From 2001 to 2020, TVDI (mean value 0.6) was greater for its west and smaller for its east. Drought severity varies by season, with the order being spring > summer > autumn > winter. Summer had the lowest growth rate (0.006/a, R² = 0.539), while winter exhibited the highest (0.013/a, R² = 0.697).

(2)

A significant drying trend dominated in autumn (Z = 1.99), and a highly significant drying trend prevailed in the remaining three seasons (Z average = 2.95) and the whole year (Z = 3.47). The minimum value (0.36 in summer) and maximum value (0.36 in autumn and the whole year) of the Hurst index are located in Yanchi County, and the future drought mitigation area is expected to be in central Ordos and Shenmu City.
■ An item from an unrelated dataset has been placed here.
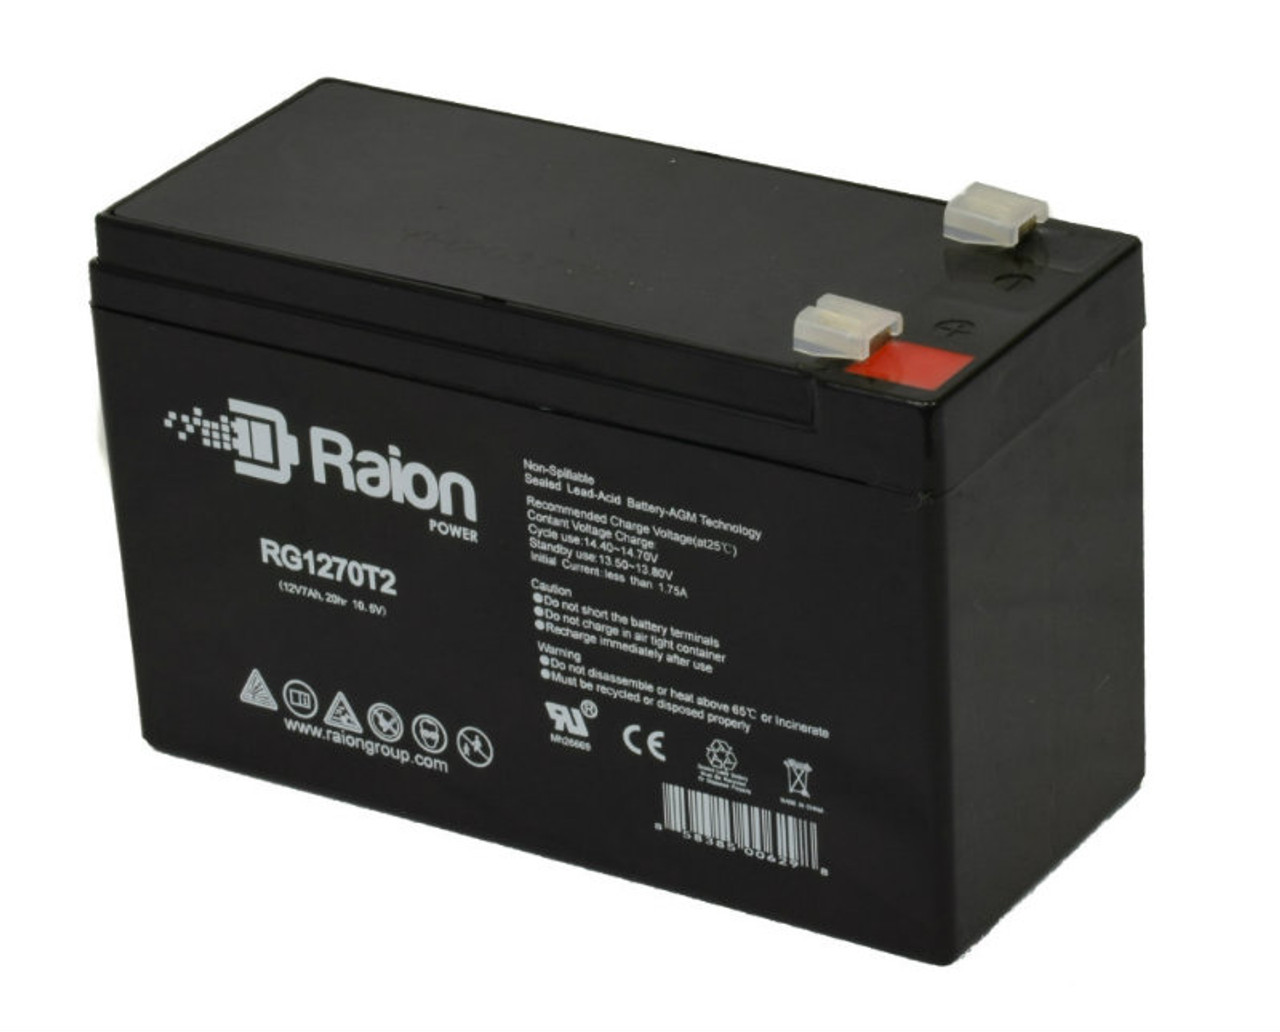 Raion Power RG1270T2 12V 7Ah Rechargeable Battery for Narada 6-FM-7.2

Spring and summer are mainly dry to wet, whereas autumn and winter are mainly continuous dry.

(3)

The TVDI of the whole year and the four seasons (−0.07) was mainly negatively correlated with precipitation. During spring, summer, and fall, TVDI exhibited a favorable correlation with temperature and ET, while in winter, it had an inverse relationship with temperature (−0.06) and a positive correlation with ET (0.18). TVDI was predominantly non-significantly negatively correlated with precipitation for all land use types in all seasons. Land use type and temperature were predominantly non-significantly positively correlated in spring, summer, autumn, and throughout the whole year. Different land types and ET were predominantly non-significantly positively correlated in all four seasons and throughout the whole year.

(4)

On the seasonal scale, spring TVDI was most sensitive to precipitation (0.3 months) and slow to respond to temperature (1.8 months) and ET (2 months). The standard deviation of the lag time of TVDI for temperature (0.8) and ET (1.1) was greater in autumn than in spring (0.4). Annually, precipitation was the most contributing element of cropland, forestland, building land, and desert land (2.6 months); ET has the strongest impact on grassland and unused land; desert land has the weakest sensitivity to temperature (3 months).